WHAT TO WORK ON:
I'd like the data below restated word for word, with the pictures left out.

DATA BLOCK:
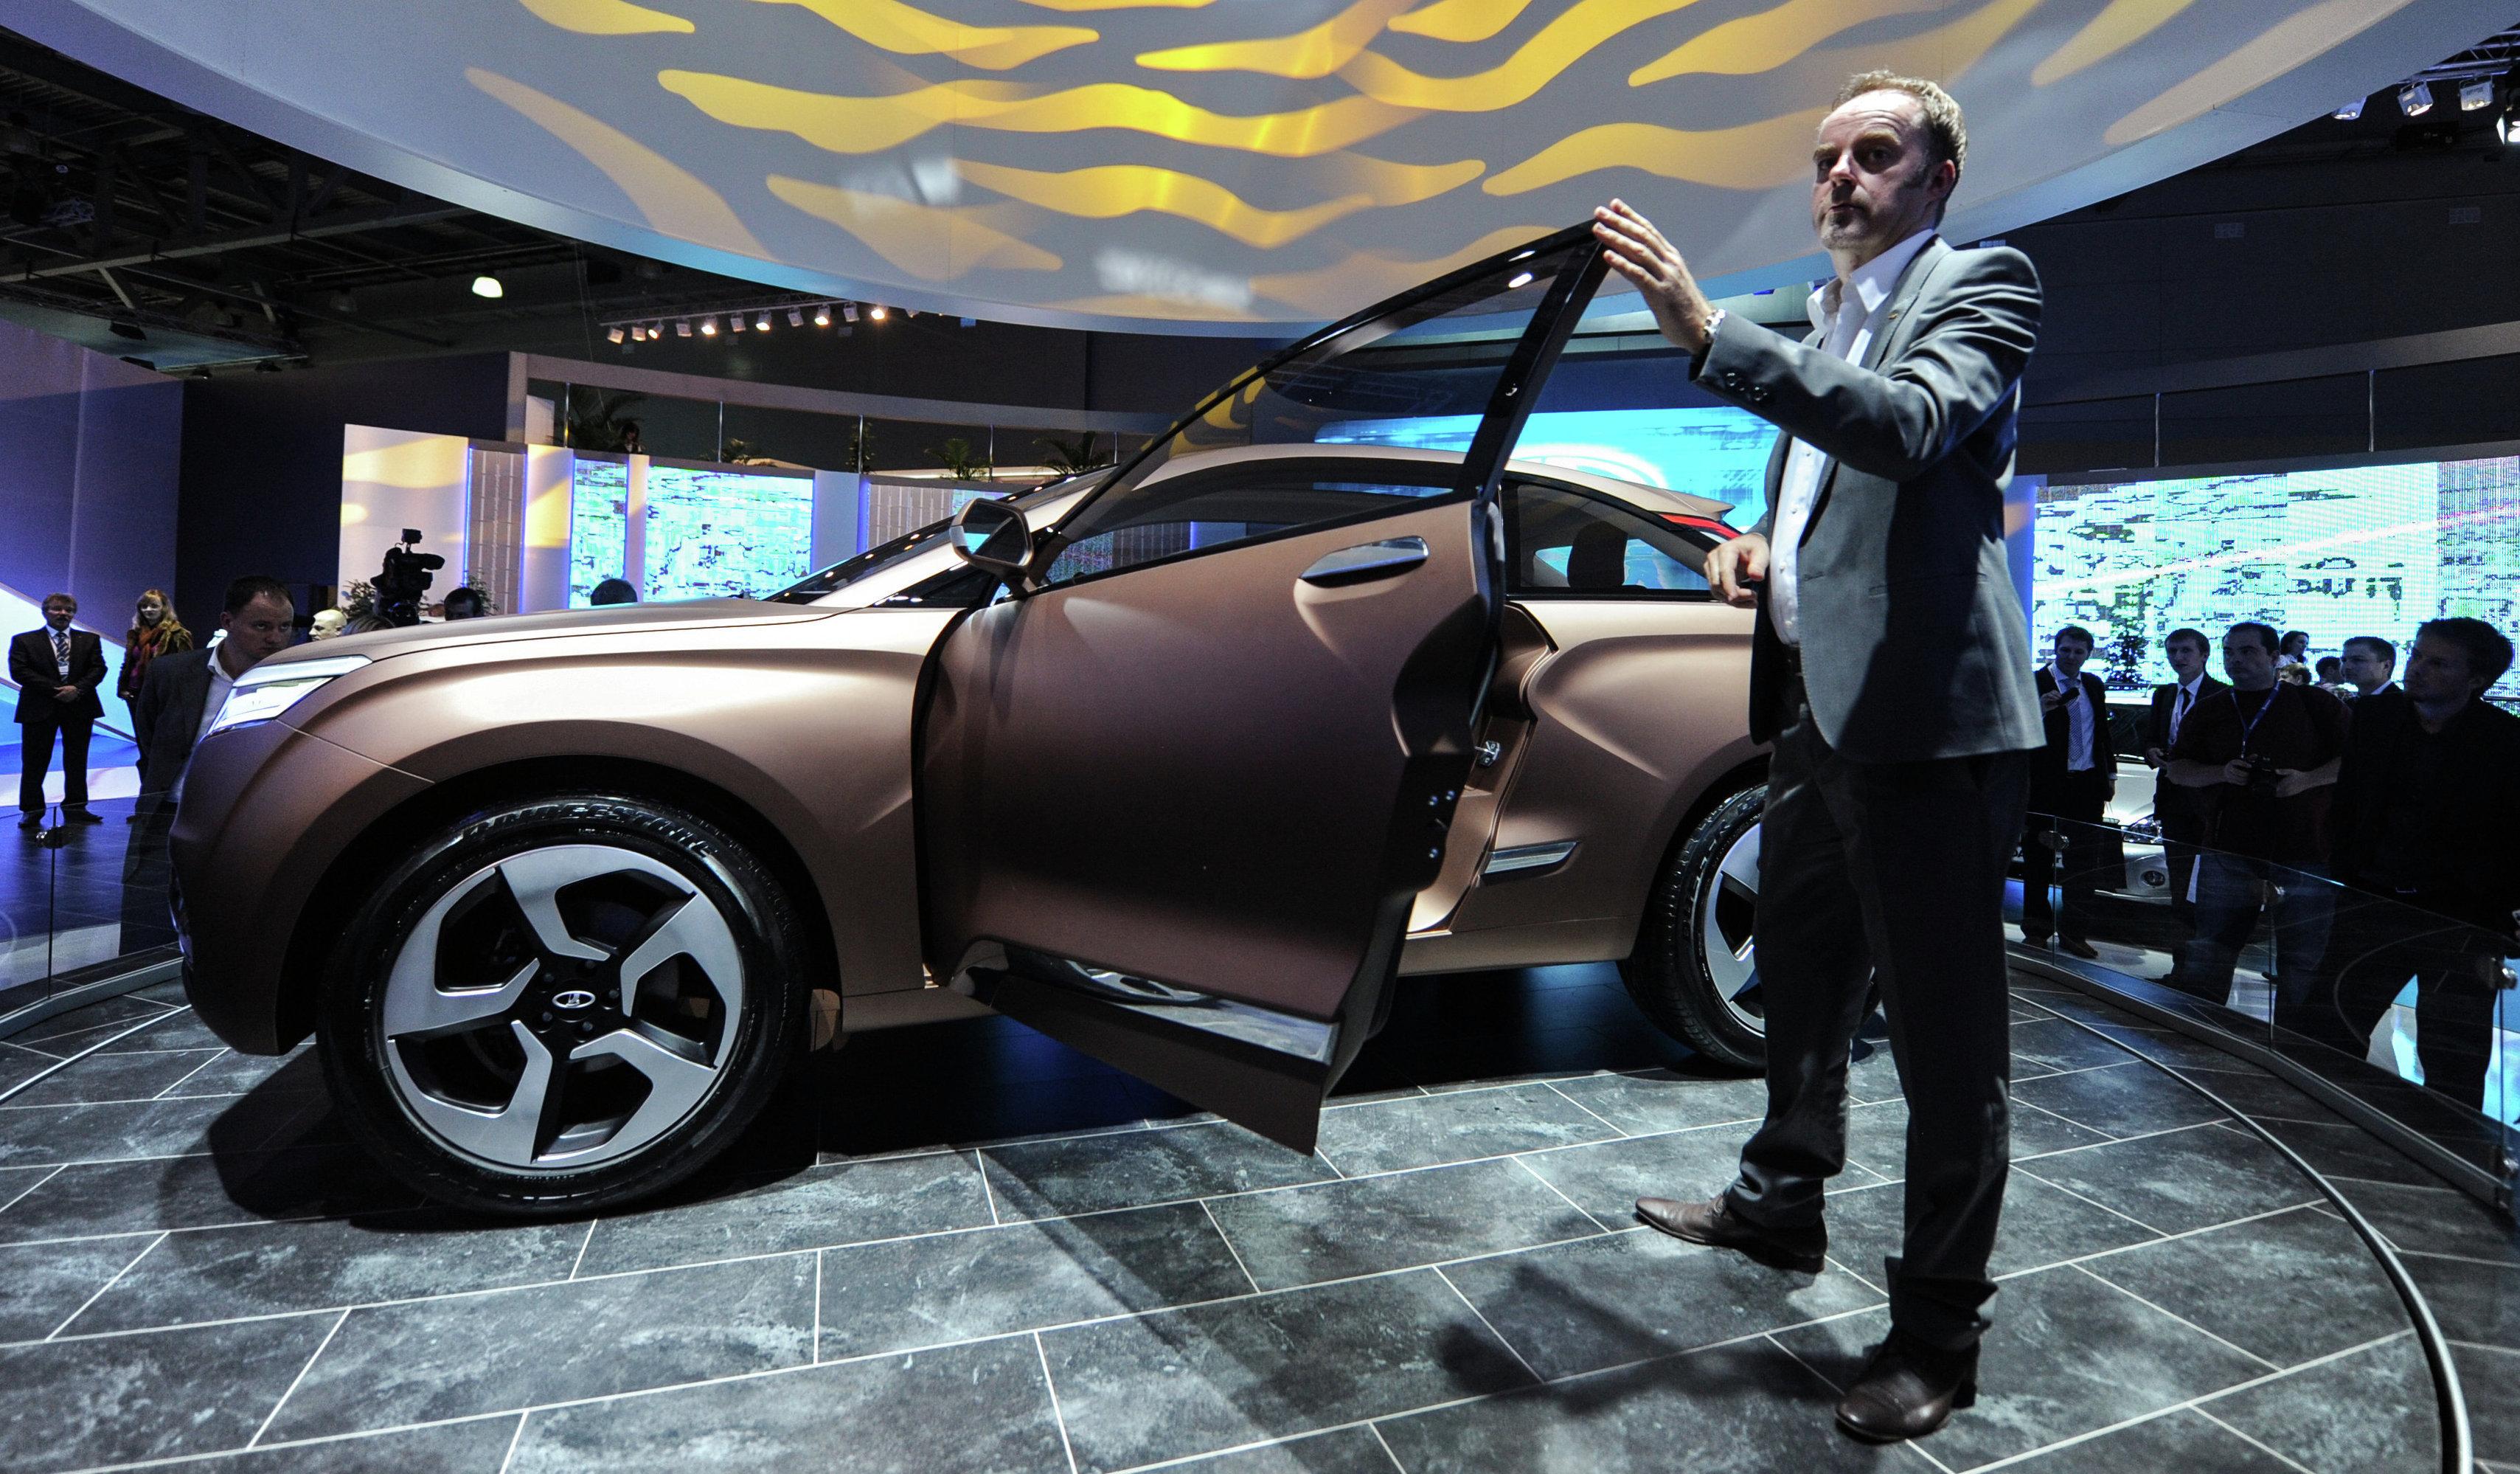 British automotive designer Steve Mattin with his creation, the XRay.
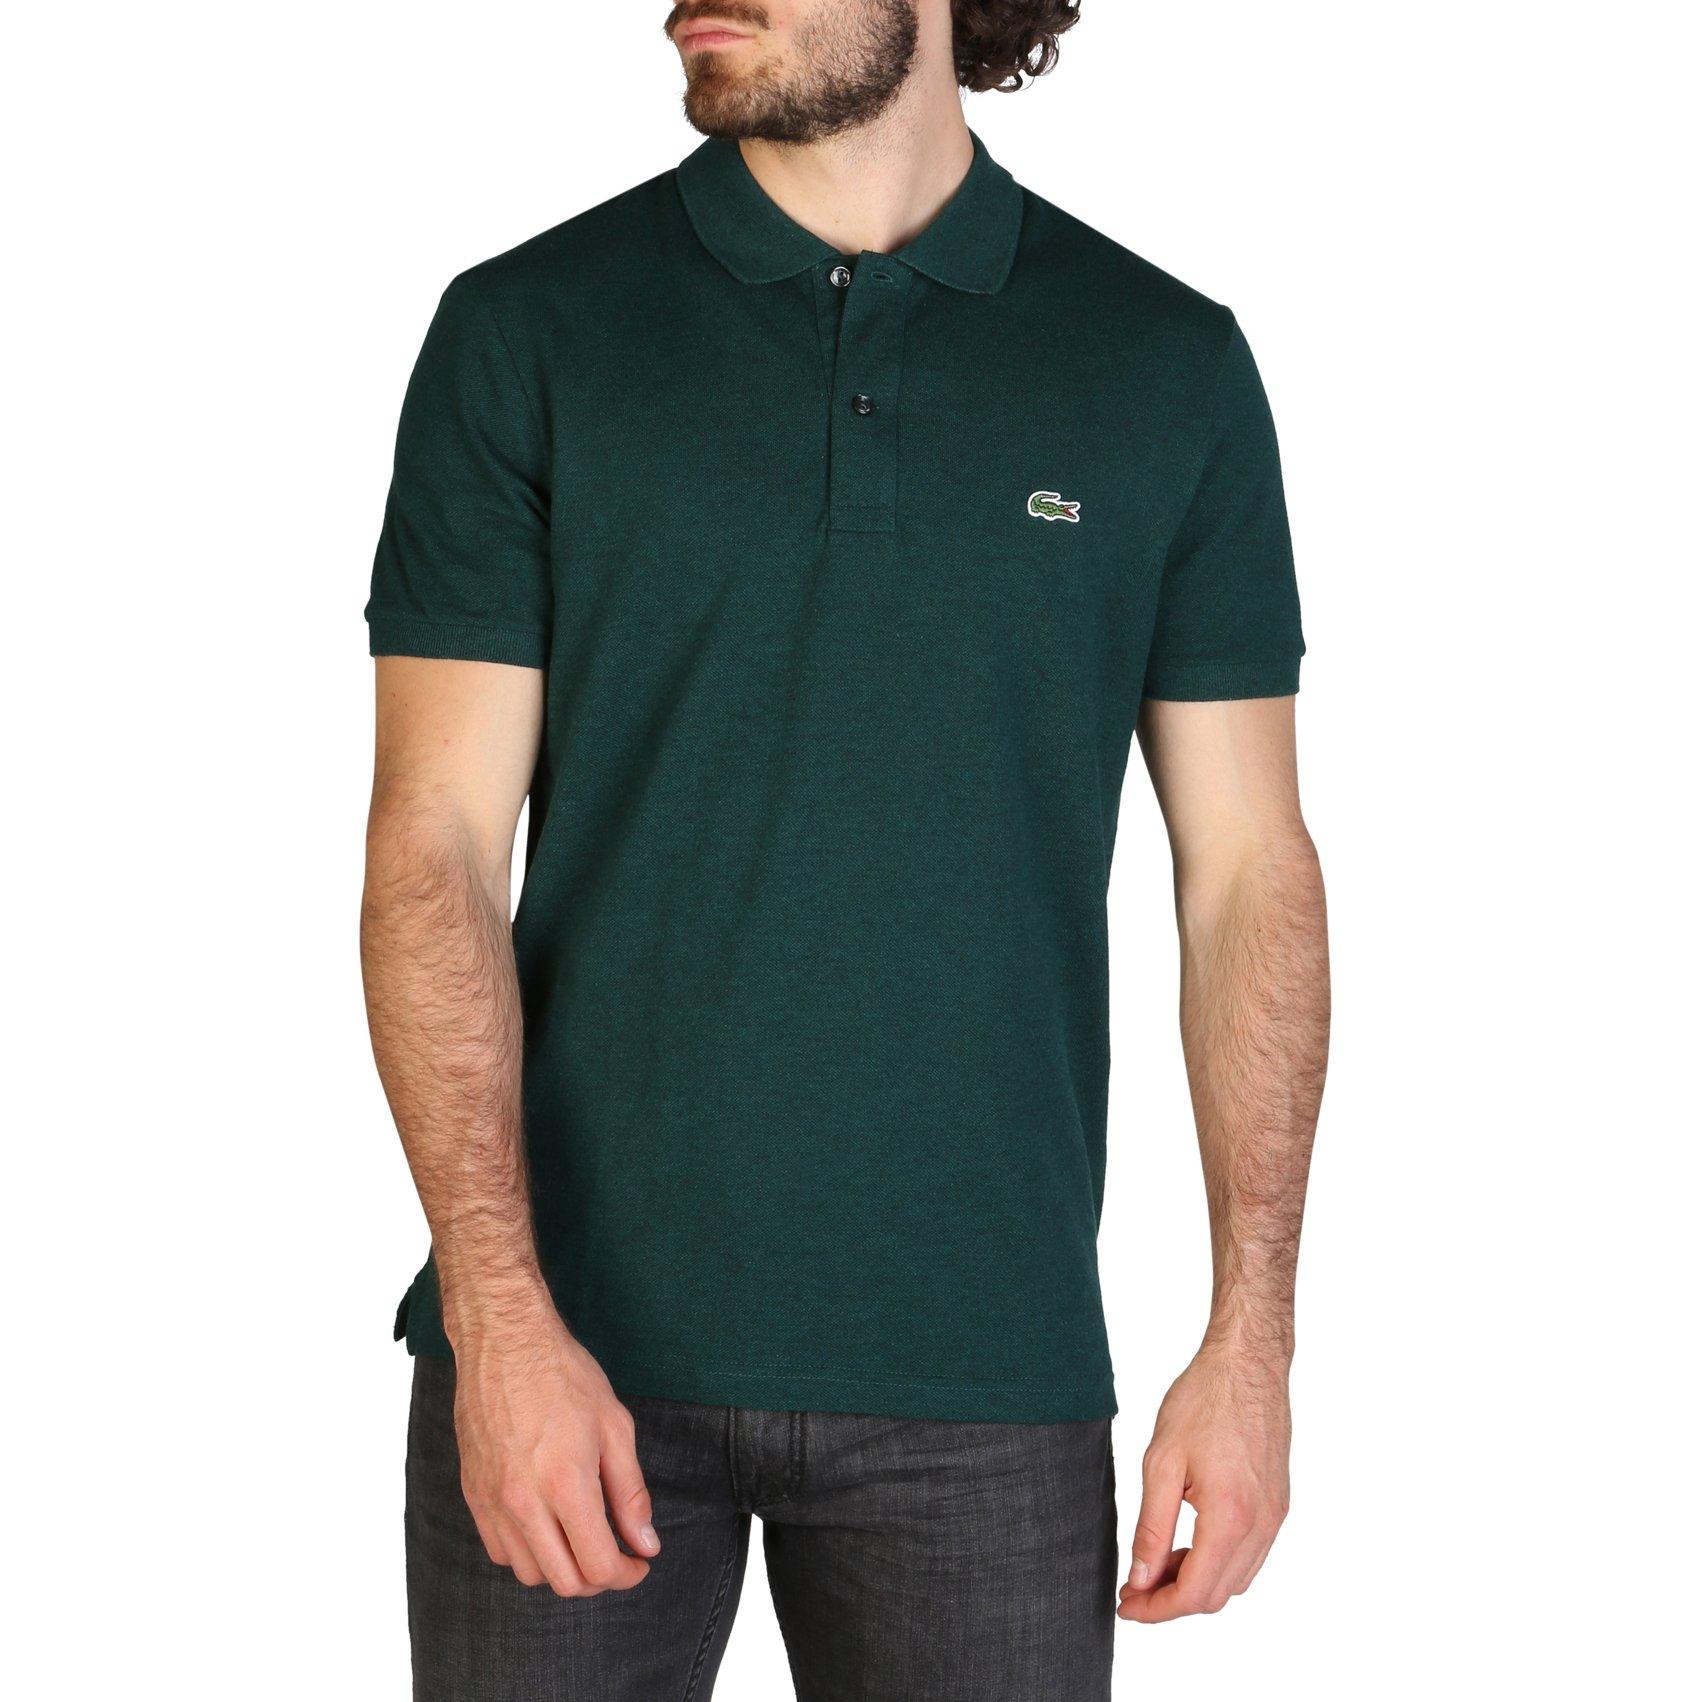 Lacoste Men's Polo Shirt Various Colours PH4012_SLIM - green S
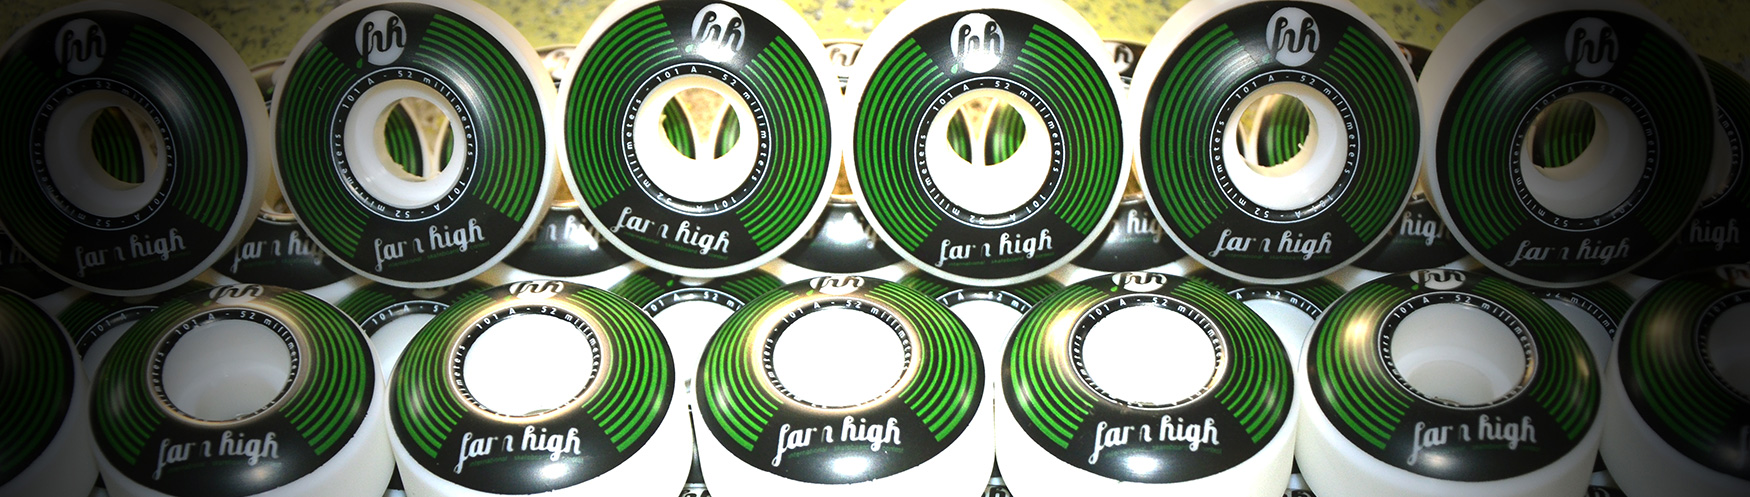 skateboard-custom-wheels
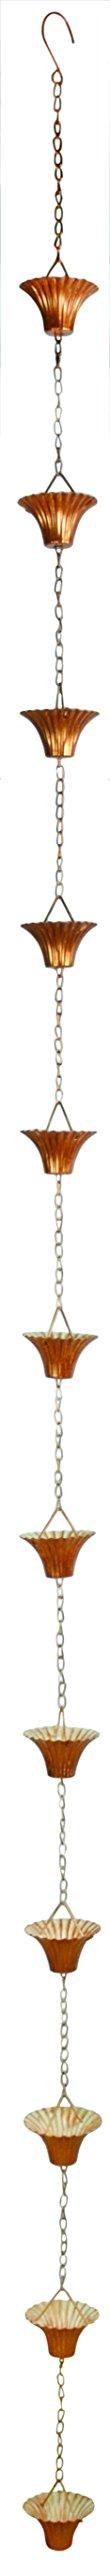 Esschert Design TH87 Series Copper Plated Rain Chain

OUTPUT OF THE TASK:
 British automotive designer Steve Mattin with his creation, the XRay.
 Lacoste Men's Polo Shirt Various Colours PH4012_SLIM - green S
 skateboard-custom-wheels
 Esschert Design TH87 Series Copper Plated Rain Chain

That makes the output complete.